Mental activity is generated from sensory input or contact. There are six possible doors for such stimuli to enter the mind: through the five senses and a sixth door — the mind itself which can throw up memories, thoughts, feelings, and more. The Buddhist teaching of dependent origination, on one level, goes from sensory contact, through mental proliferation, and ends in suffering. Repeat. Endlessly.

One can observe dependent origination right this moment. There is the stimulus of your eyes reading this sentence, your hands on the book or device, or the sounds around you. (Neuroscience has shown the mind can only consciously hold two or three things in a given moment.) If you’ve just had a cup of tea, there might be a taste in your mouth or lingering smell of bergamot. The mind may then be reading these words, asking, “what’s bergamot?” or getting a phantom whiff of earl grey. The mind might be contesting or agreeing with these concepts and there is also a general feeling of pleasant or unpleasant or boredom as you read. The mind constantly creates stories from these basic inputs and resultant feeling tones. When, as is often the case, we are strongly invested in those stories and they differ from immediate experience, the result is suffering.

If there are only ever these six senses creating experience, can you put a finger on who is experiencing or where that experiencer is? “Why, me, I’m right here,” you might say, tapping your chest. Now, isn’t that just more thoughts and sensations? This investigation might reveal that your self (along with all her stories) is nowhere to be found. That there are only these impersonal steps of dependent origination — only ripples intersecting in the mind and hence in the universe. Or perhaps it is equally well said the other way around.
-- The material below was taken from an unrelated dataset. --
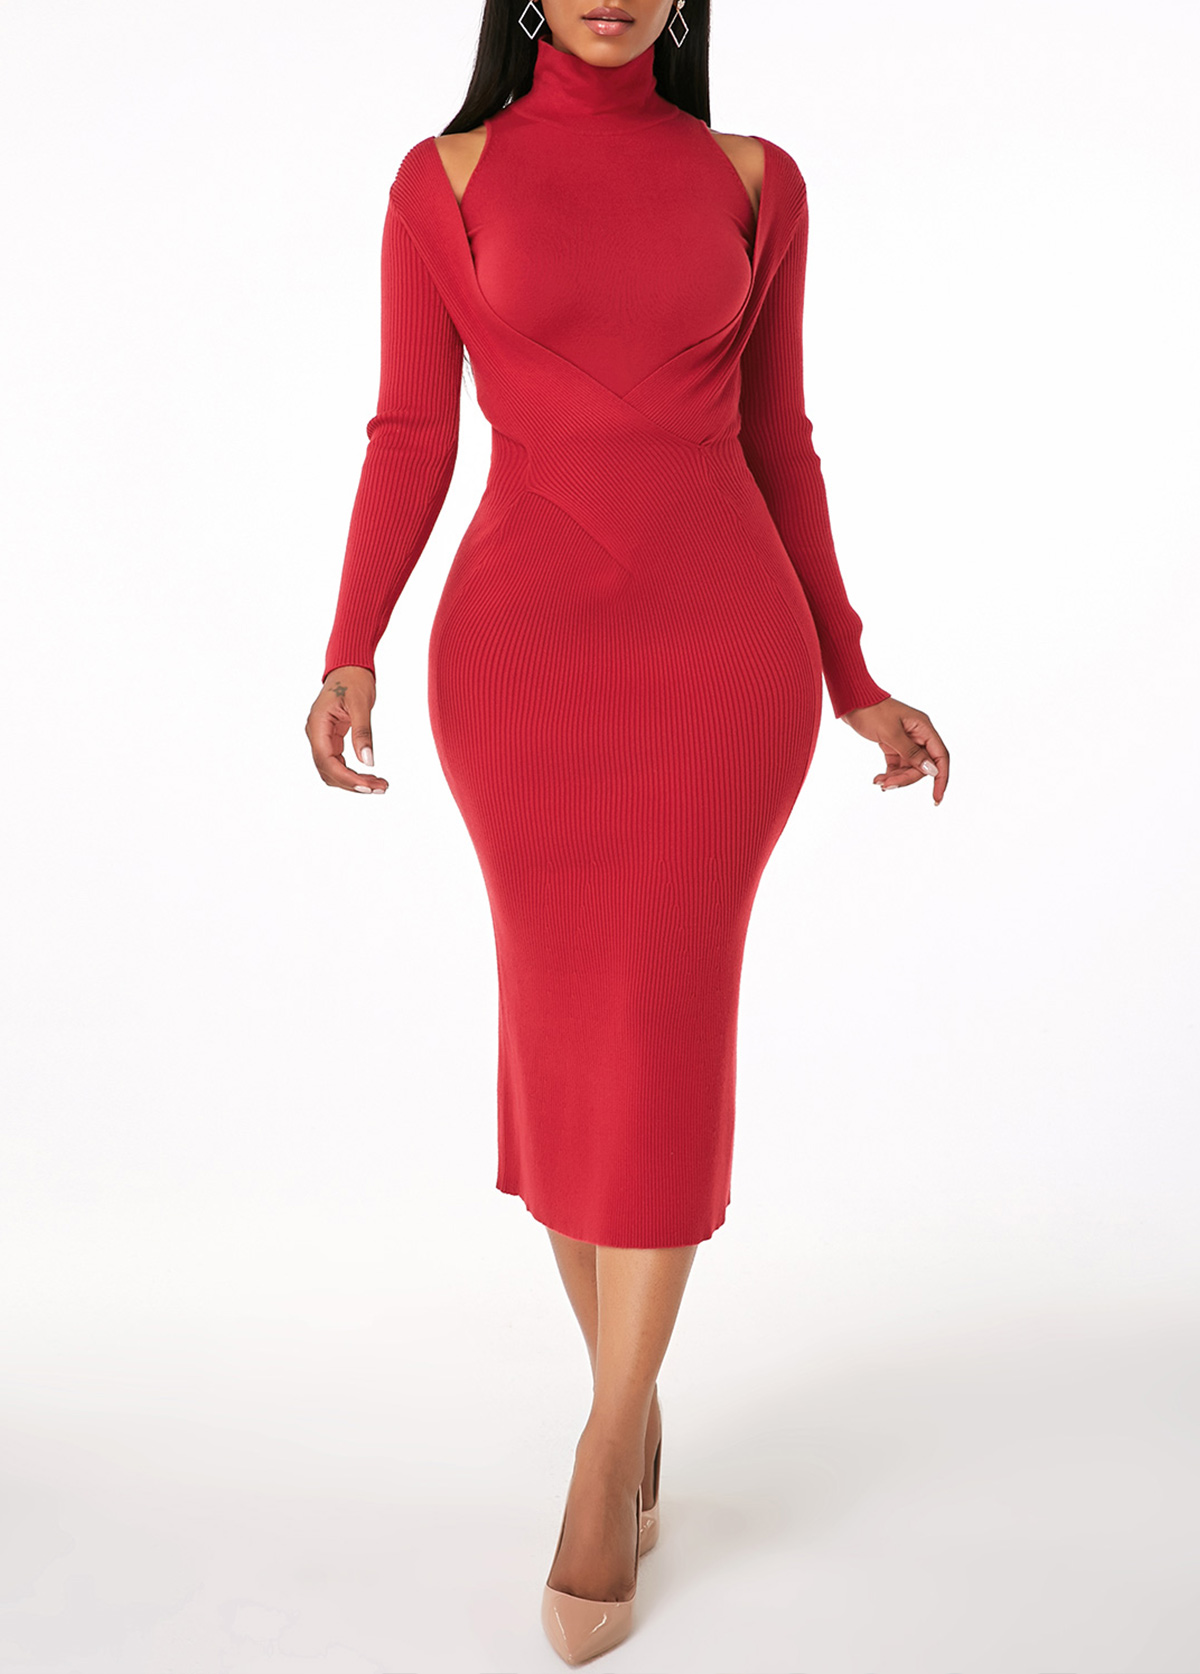 ROTITA Red Turtleneck Tank Top and Sweater Dress

Either way, in every moment, happenings are arising in conjunction with each other. Physicist, Carlo Rovelli, poeticlly terms these happenings “kisses” in an OnBeing interview with Krista Tippet.

Nothing is wasted because it all has to happen together. Whatever we do will be important because we are co-creating existence.
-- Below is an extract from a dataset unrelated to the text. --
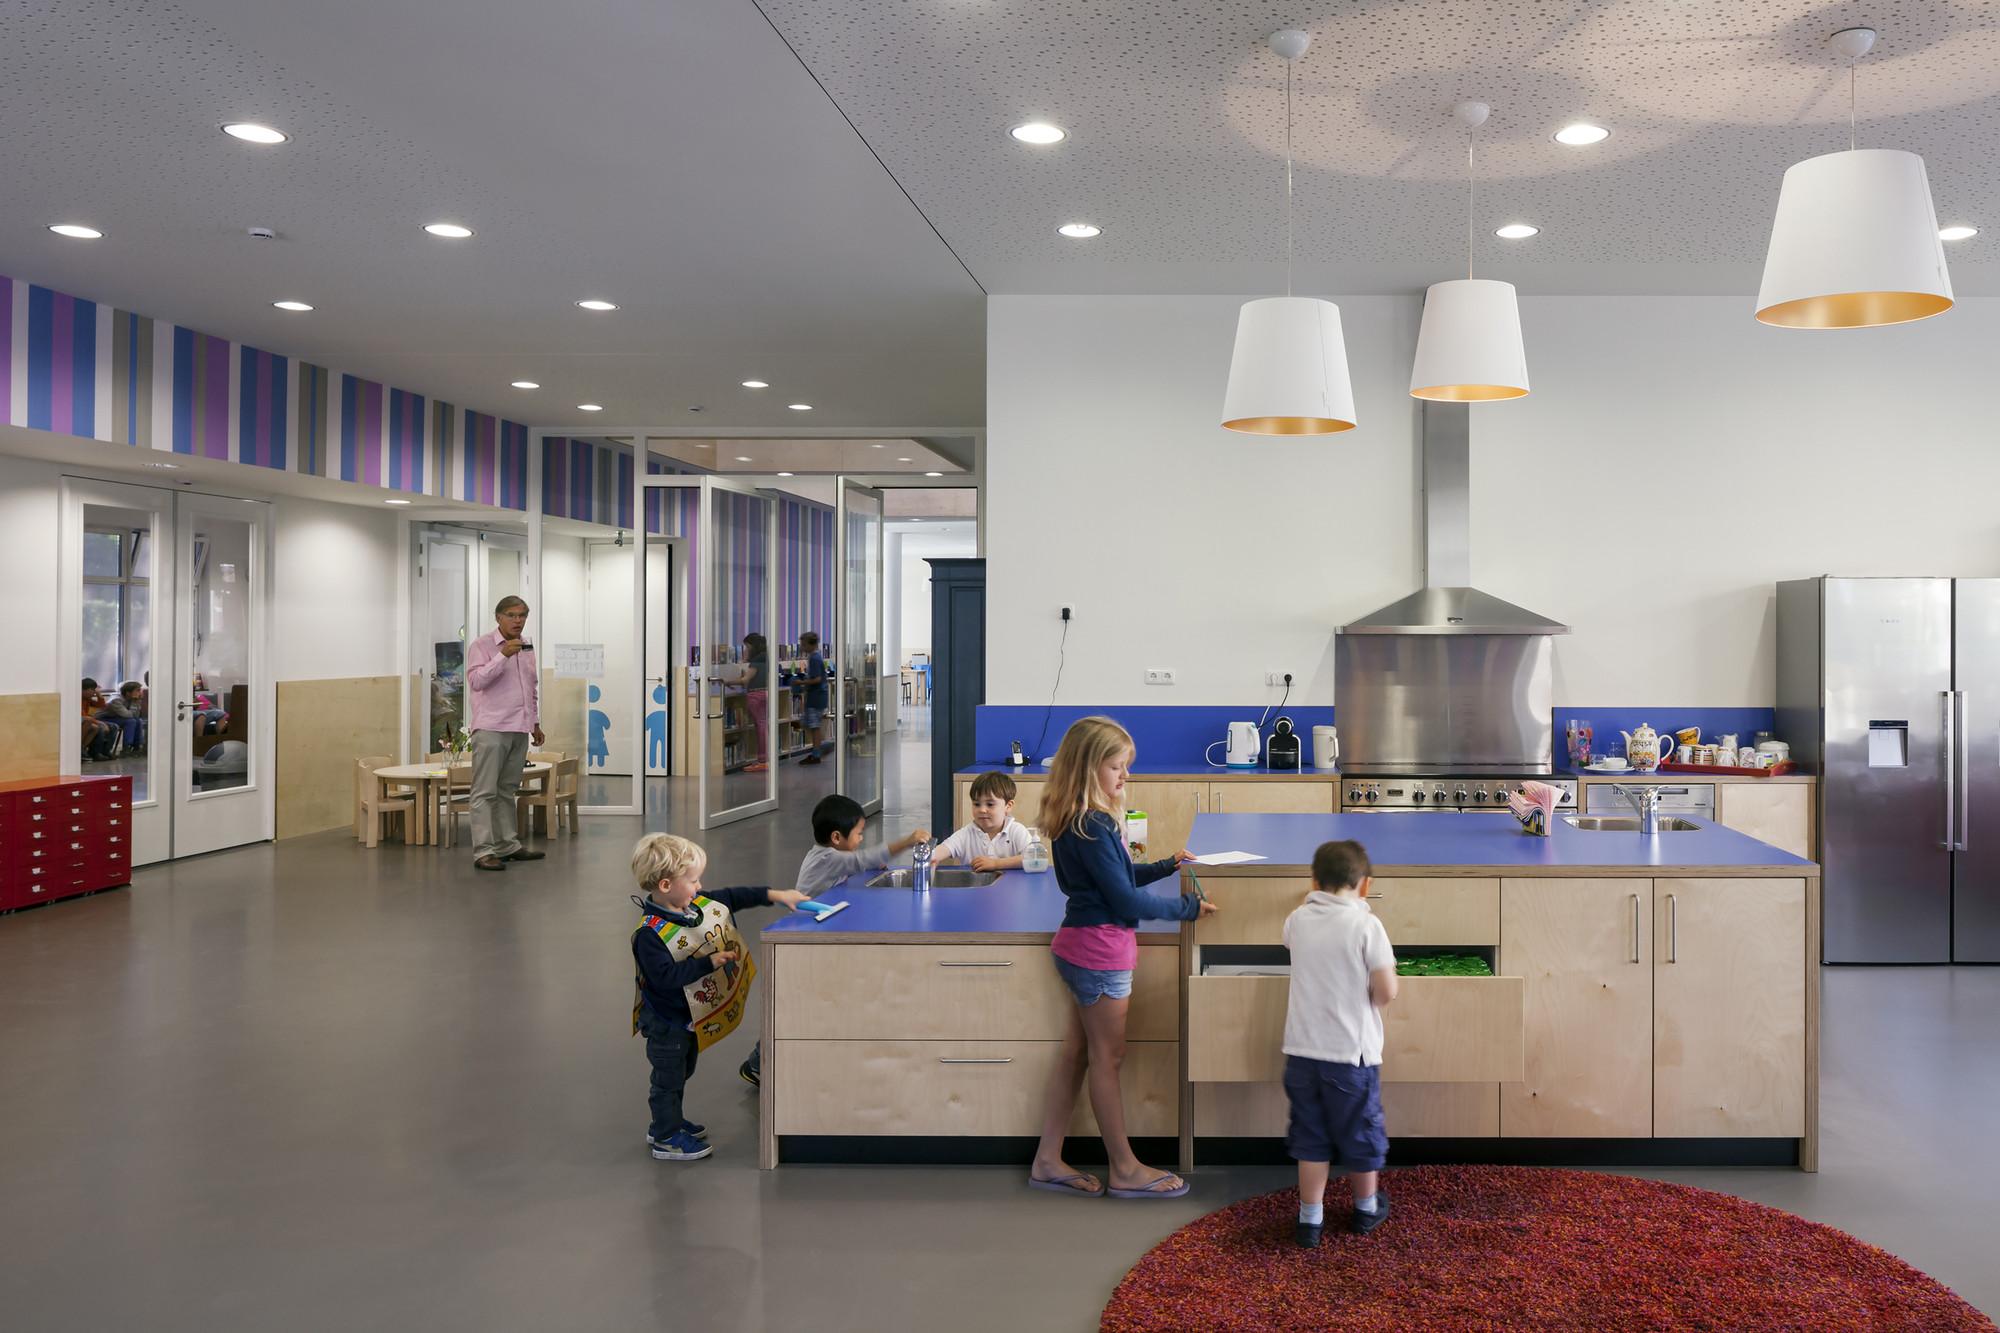 Montessori School Waalsdorp De Zwarte Hond on Design A Kitchen Floor Plan

There are no profound events because it is all profound. It is a divine interplay — to which many spiritual traditions point. Life’s longing for itself. Suchness. Creator. Its nature is love. Love reaching out for itself. There is much misguided action in the world, much suffering. In light of the immense potential in one single mental event then, what if we remember that undercurrent of love? And, as at the end of a long day we might completely let go into the embrace of a loved one, let go into that love. Rest in that love. Trust it.

You pointed to your heart after all when above you tapped your chest: “why that’s me.” You are nothing but love. And love is all there is.

(My mind often raises the question, but what about so-and-so? Tyrants and the like. It seems to me that what we perceive to be “evil” in the world emerges in the absence of love as when a person is so contracted in fear, hatred, or greed there is no room for it. All the more reason then for us to finish the work of uncovering that which we already are.)

*An excellent article on the Buddhist meaning of dependant origination.

“When I despair, I remember that all through history the ways of truth and love have always won. There have been tyrants, and murderers, and for a time they can seem invincible, but in the end they always fall. Think of it — always.”